The first thing the robot does is create a floor plan, the basic information the robot will use while cleaning. Within the map the robot can work with different cleaning zones, and avoid no go-areas. “You  don’t have to teach the robot, which makes it really easy for users. They can just create a zone and instruct the robot to just clean that. And when it’s done, it will come back, and because every robot is connected the operator will get a message on his phone. And users can check the progress on the web, to be used for analytics.”


The robot can run up to four to five hours with a lithium-on battery inside, and it charges in three hours. Part of the AI is the robot knows when it’s moving, how fast it is going and where it is going. This way it can adjust the flow of water, whereas traditionally cleaning machines use a continuous flow of water. “So you were actually wasting a lot of water. When our robot doesn’t need to put water on the floor it will just stop it, it will only use the water it needs. This also means we were able to make it smaller than other machines.”

Because it’s new technology people are hesitant to invest upfront, without testing. “We understand that, so we opted for a subscription model, so people can try it. In the last months we have seen a lot of engagement.”
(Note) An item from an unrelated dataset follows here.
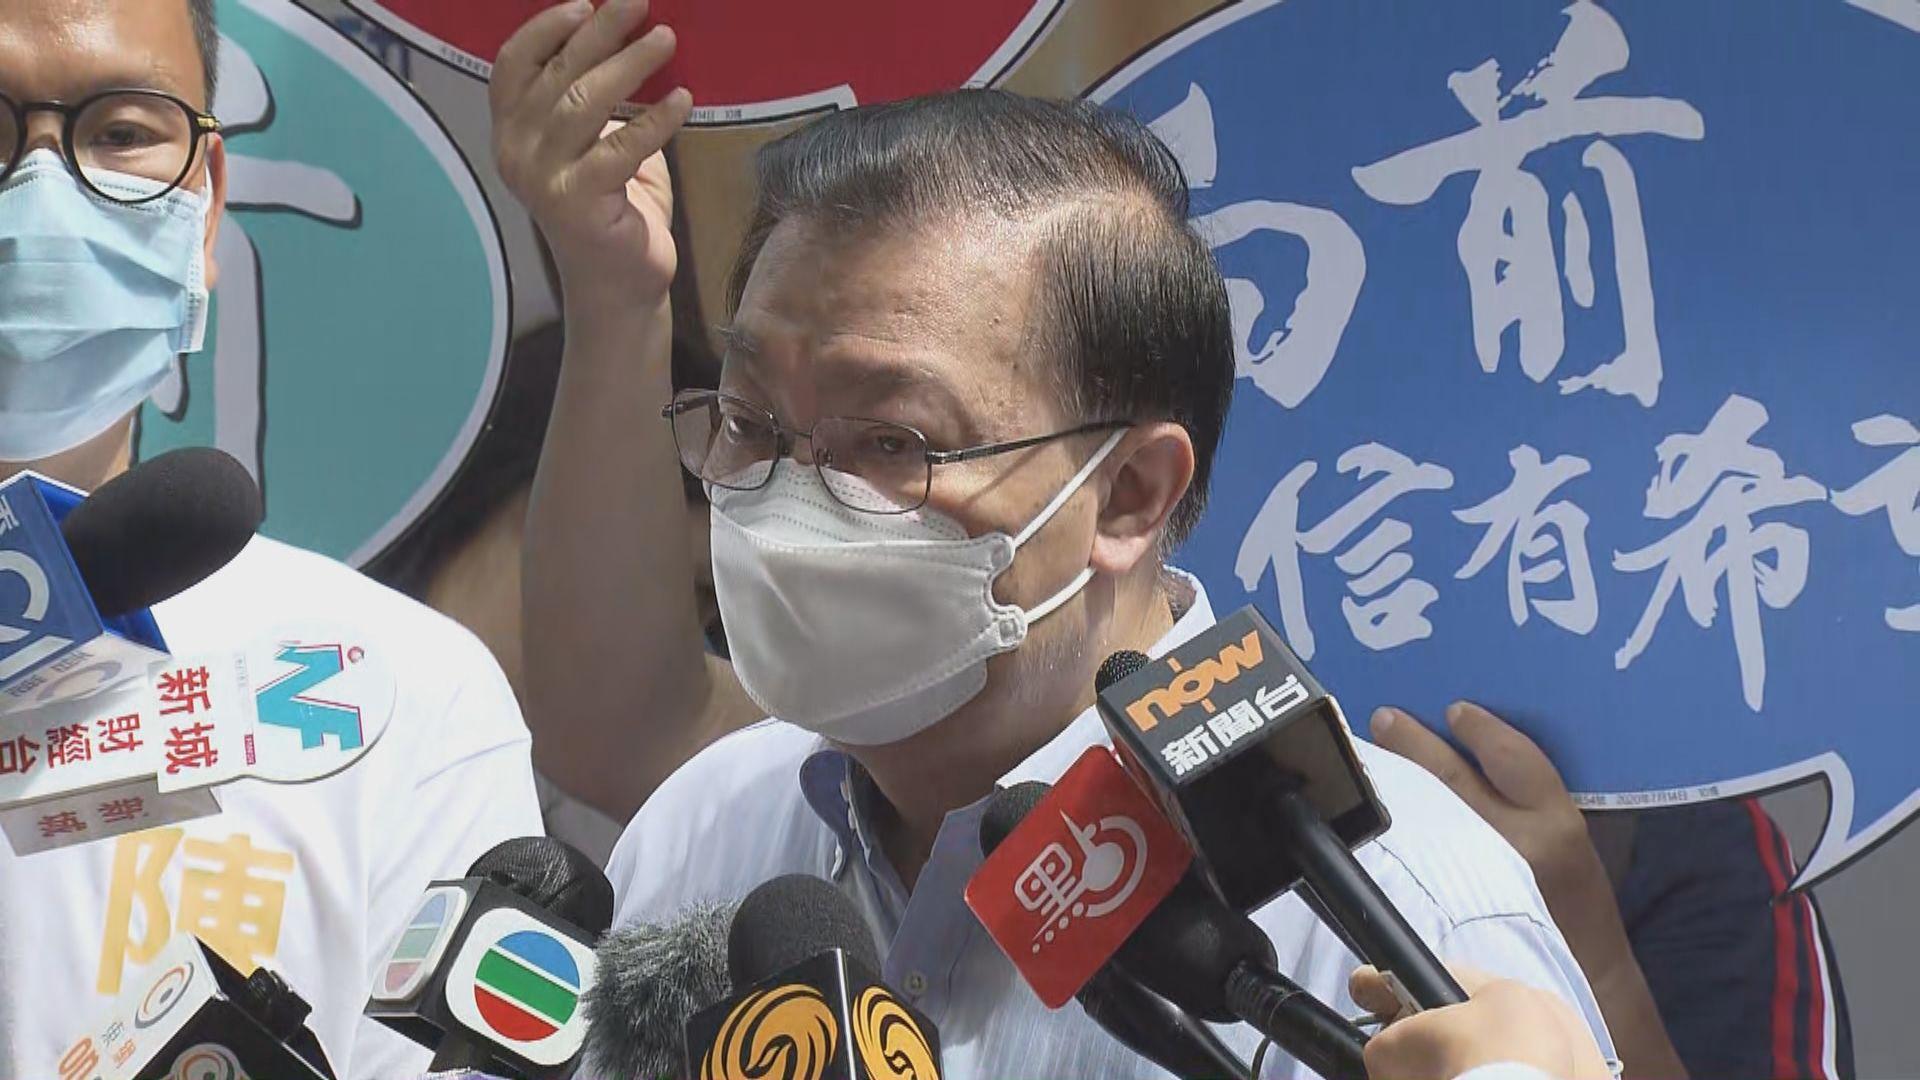 譚耀宗倡政府考慮押後選舉 陳淑莊憂議會真空

The interface of a robot is very important to make people interact with it. “What we are actually seeing is people are trying to test it, because now they’re friendly with it. They want to see how the robot reacts to them when they step in front of it. That is an interesting phenomenon. It makes a sound when it is turning, and we have provided it with ‘eyes’, not just for the cameras but for visualization as well. And when the cleaning is completed it will blink. It is industrial but still you have to think about the interaction of the with humans. The deign is very important.”